それあるっ!劇場 ~きつねパンダ一家~
北九州市で元気に暮らすきつねパンダ一家が、あるある話のメインキャラクターとして、ある時は障害のある当事者として、またある時は家族として、いろいろな場面に登場する「それあるっ!劇場」
今回は「視覚障害の人」のお話です。
〈登場人物〉
エピソード22~あっち、こっちってどっち?~
今日は友達と遊びに行く日。
待ち合わせまで時間があったので、時間をつぶそうとふとデパートに立ち寄った視覚に障害のあるパンダくん。

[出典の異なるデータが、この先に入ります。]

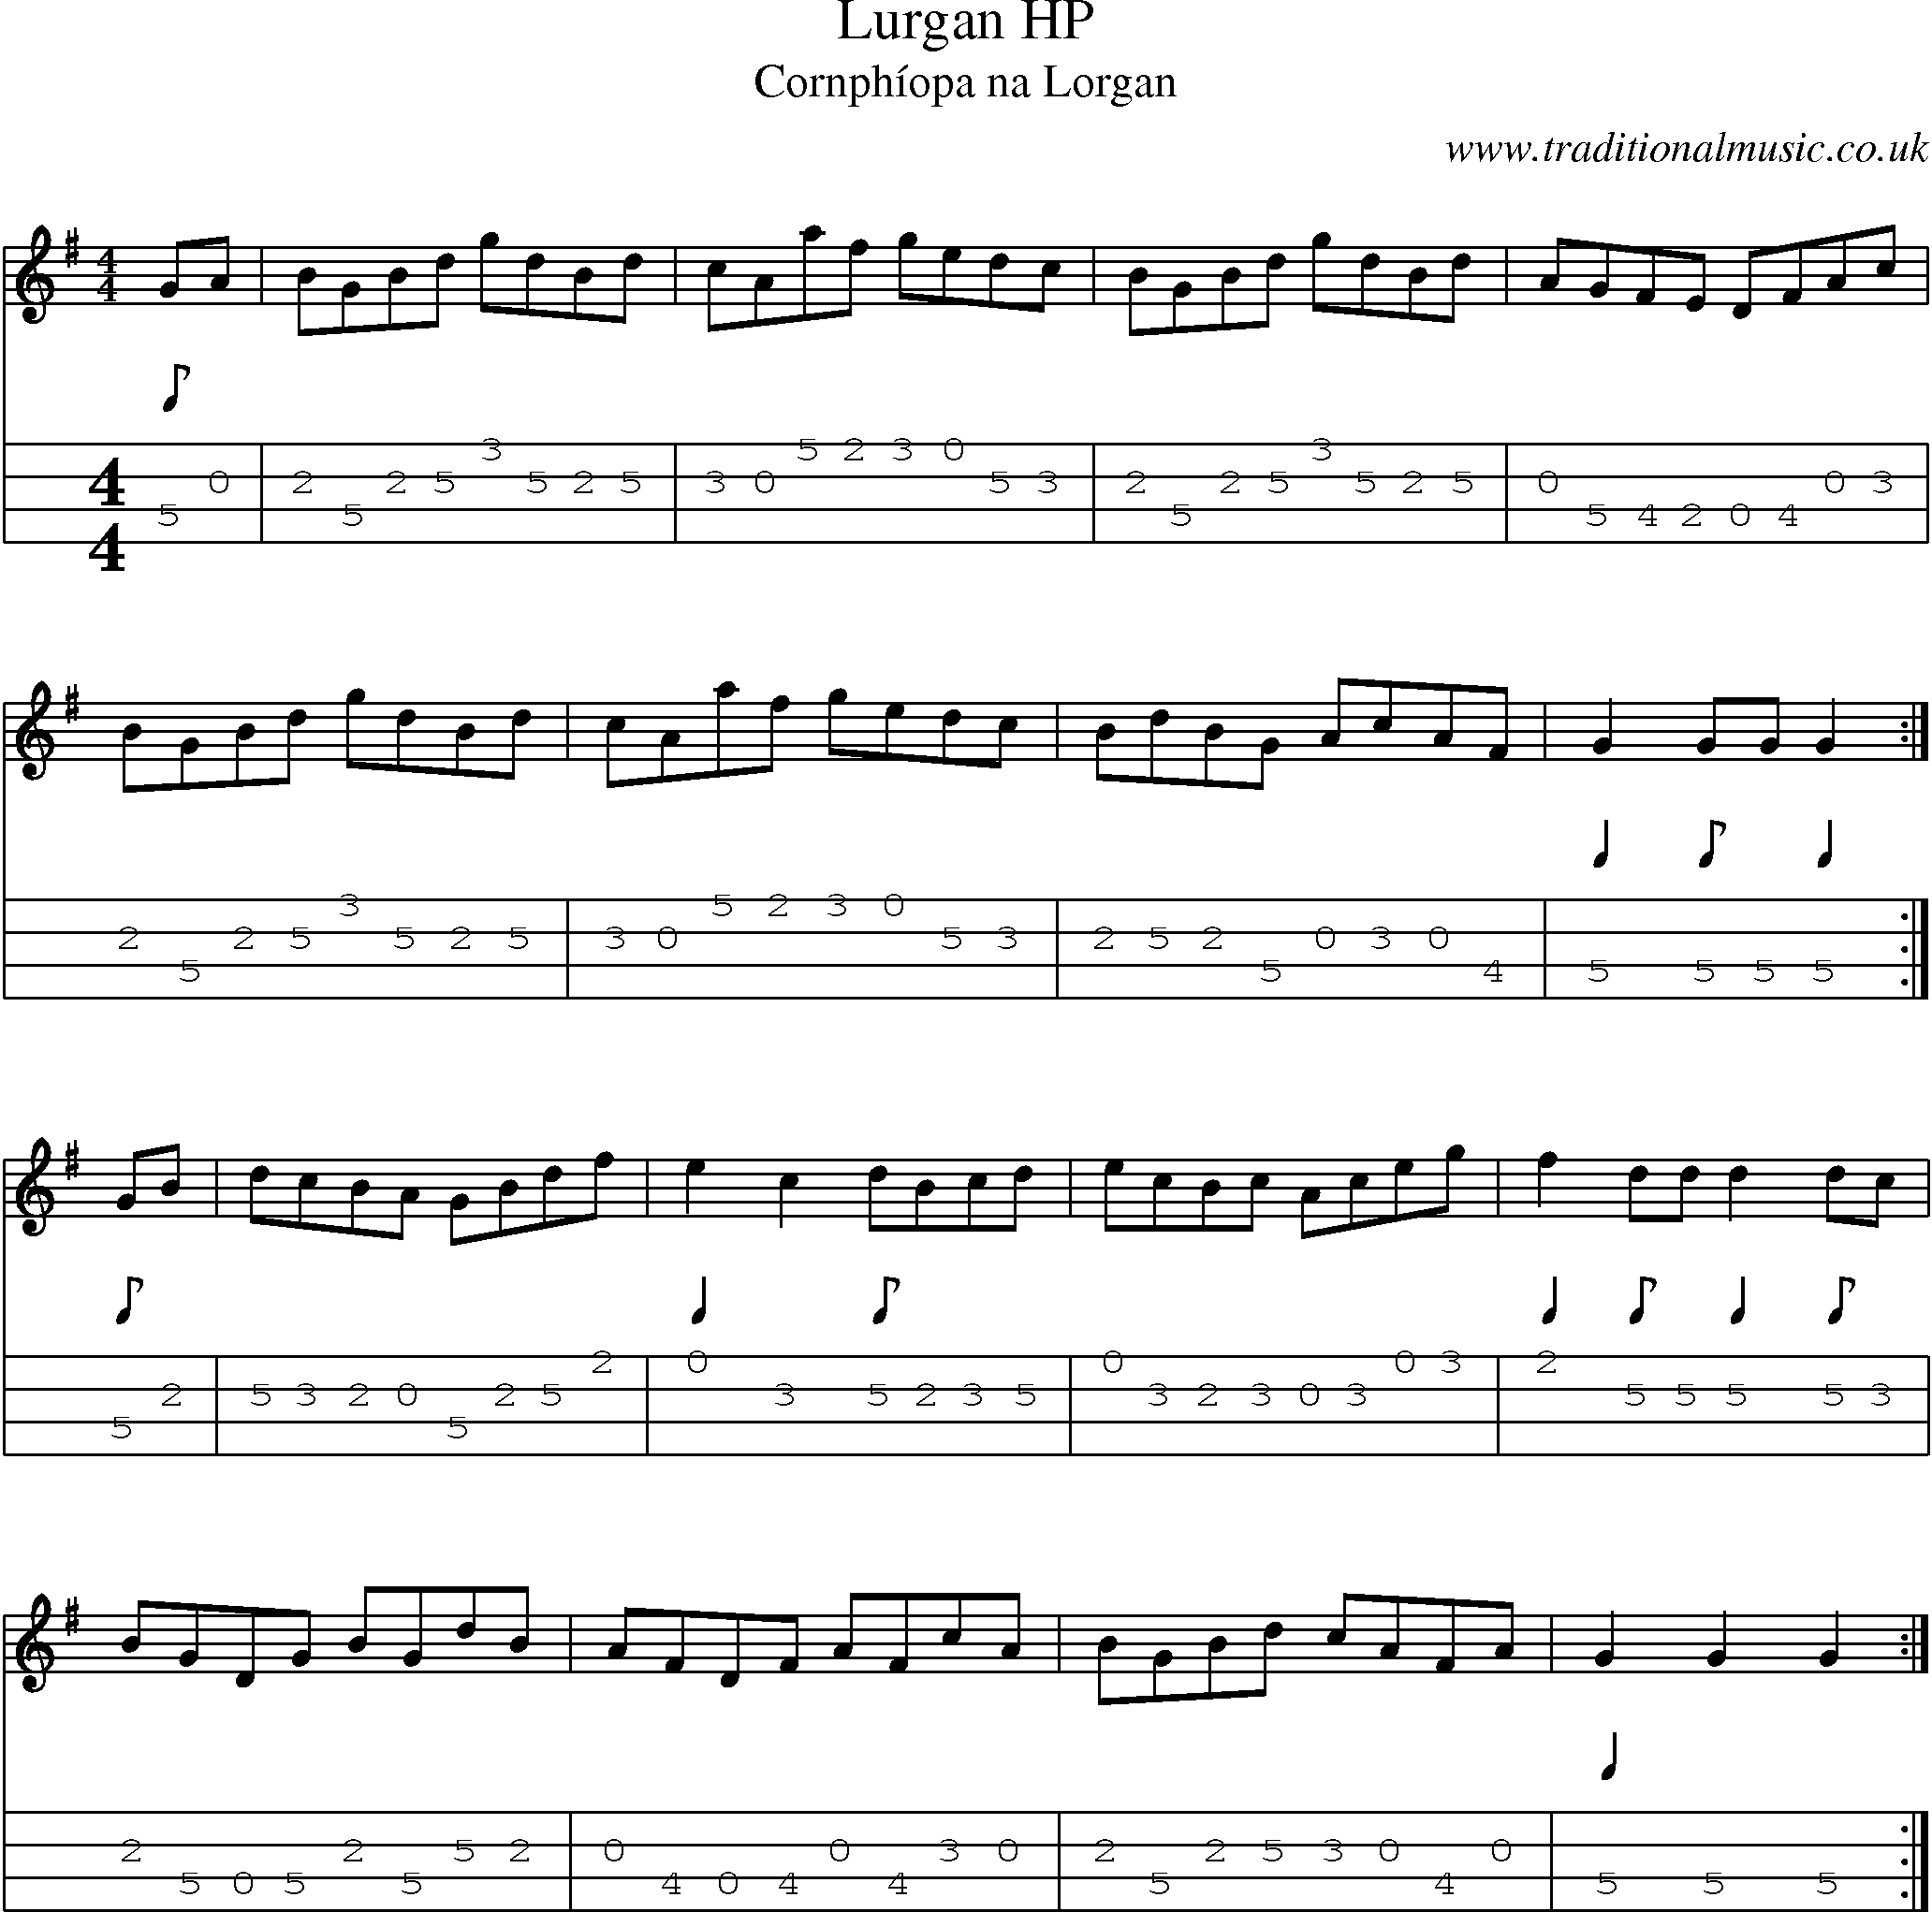 Music Score and Mandolin Tabs for Lurgan

扉から中に入って、ベンチの場所が分からなかったので、声を掛けてくれた近くの人に案内してもらいベンチに腰掛けます。
スマートフォンで今日は何を買おうか、友達と合流した時に買いたいものなどの情報を仕入れたりしながら時間をつぶします。そんなことをしていると時間になってきたので、立ち上がり待ち合あわせ場所の駅前まで移動しようと、向かいから聞こえた足音をたよりに、来た人に「出口はどこですか?」と聞いてみました。
するとその人は「入口と同じですよ」とポツリつぶやいて消えてしまいました。
結局、パンダくんはその後来た人に出口まで案内されて、無事駅前に行くことができましたとさ。

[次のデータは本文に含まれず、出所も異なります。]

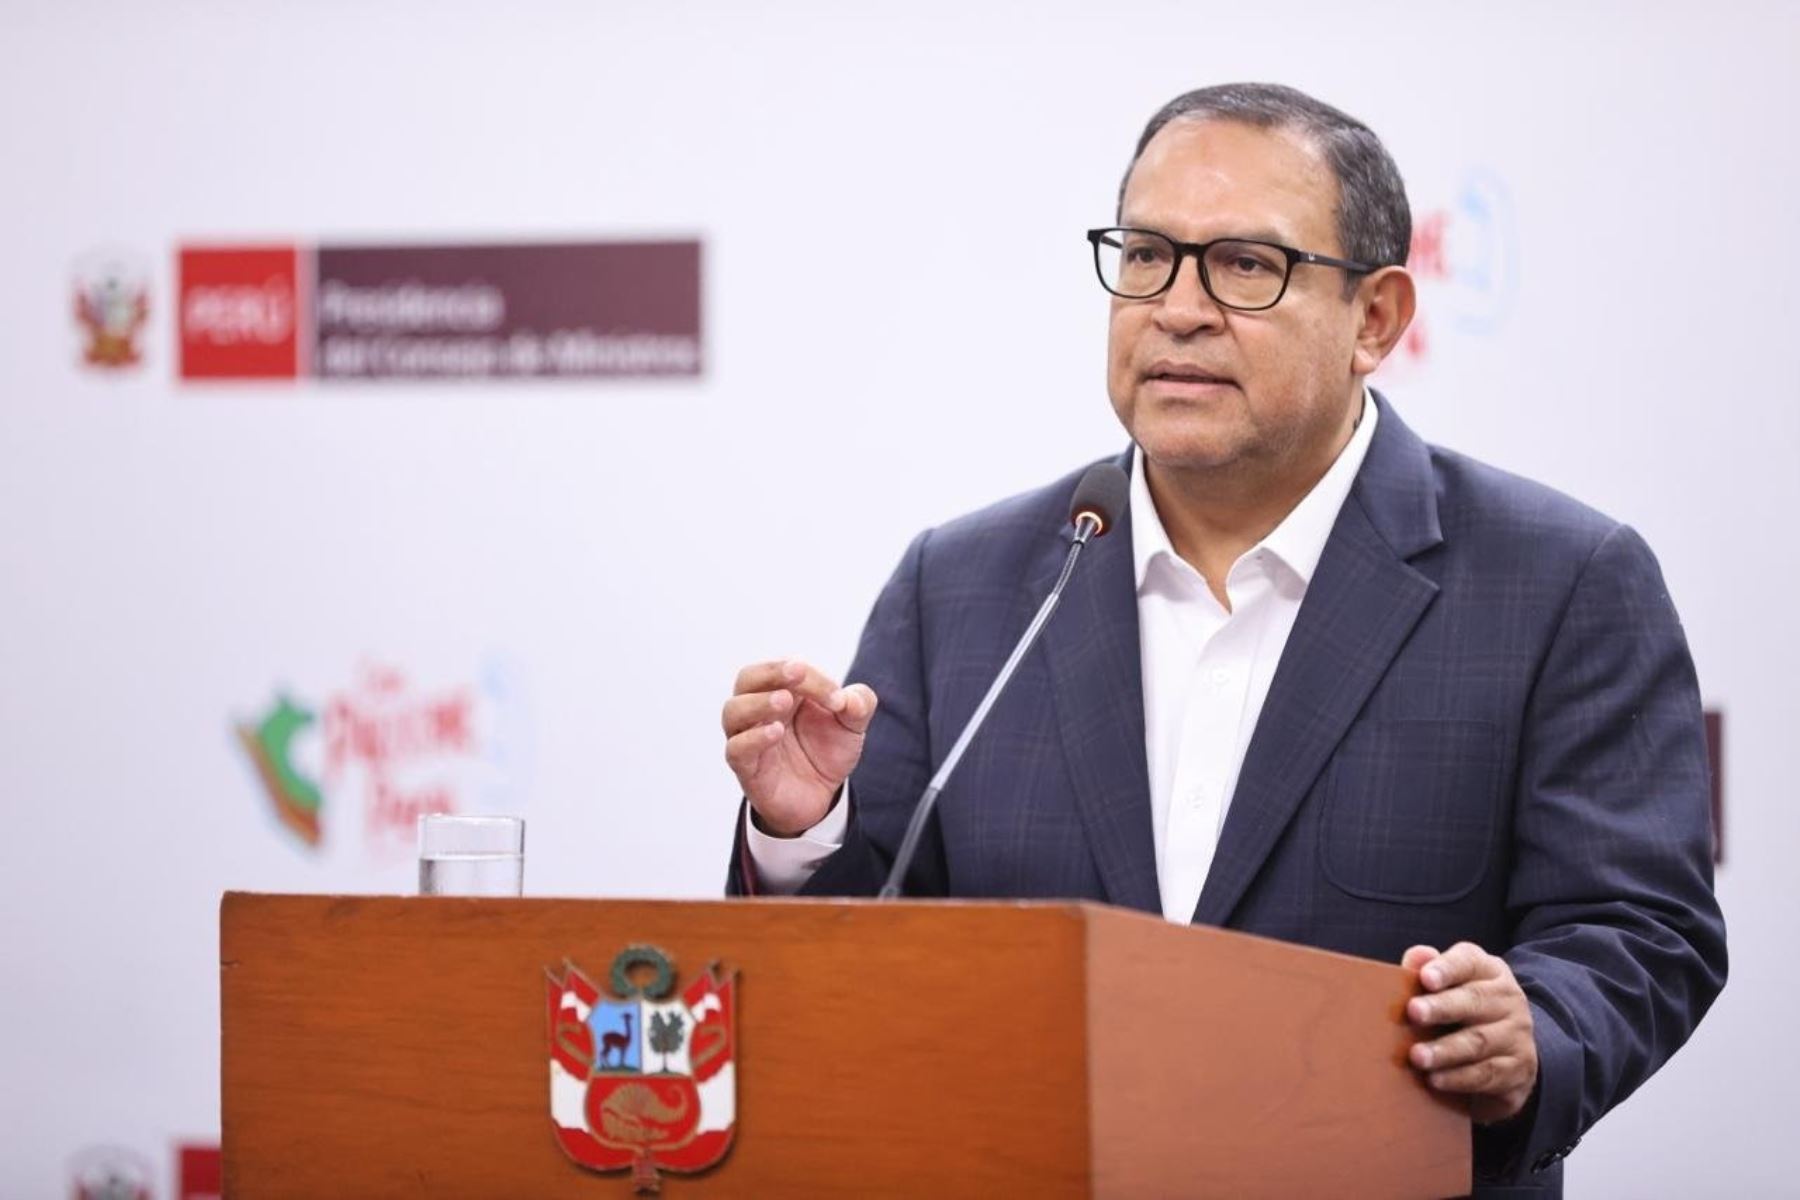 Peru: Alberto Otarola resigns as Prime Minister

そんなことある? と思うかもしれませんが、見えるものを基準に「あっちにありますよ」とか「そこ右です」のような、「あっち、こっち」で説明されることは良くある話。
視覚に障害のある人へ場所を案内する時に大切なことは何でしょう?
見える人は方向を指さしながら、お互い目で見て案内が出来るので「あっち、こっち」などの代名詞で話しても方向は確認できます。会議の時もよく「ここのこれをあーして、そこのそれをこーしたら良いんじゃない?」「ふむふむ」みたいな会話がありますが、物を見ながら話をする見える人と違って、視覚に障害のある人には代名詞だと状況が全く分かりません。
それらはあくまで見える人の話の仕方であって、視覚に障害のある人たちは「あっち、こっち」などで伝えても全然分からないということを知ってほしいと思います。
もし、今回のような場面に遭遇したら、「ここから反対方向に10メートルくらい進んだら出口ですよ」など、具体的な数字で伝えていただけるとありがたいです(一緒に出口まで案内してもらえると一番良いのは言うまでもないですが)。
「入口と同じですよ」と言われ「そりゃそーでしょうけど!!」と心の中でつぶやくパンダくん。
あっち、こっちってどっち?
見えない人の立場で考えてみませんか?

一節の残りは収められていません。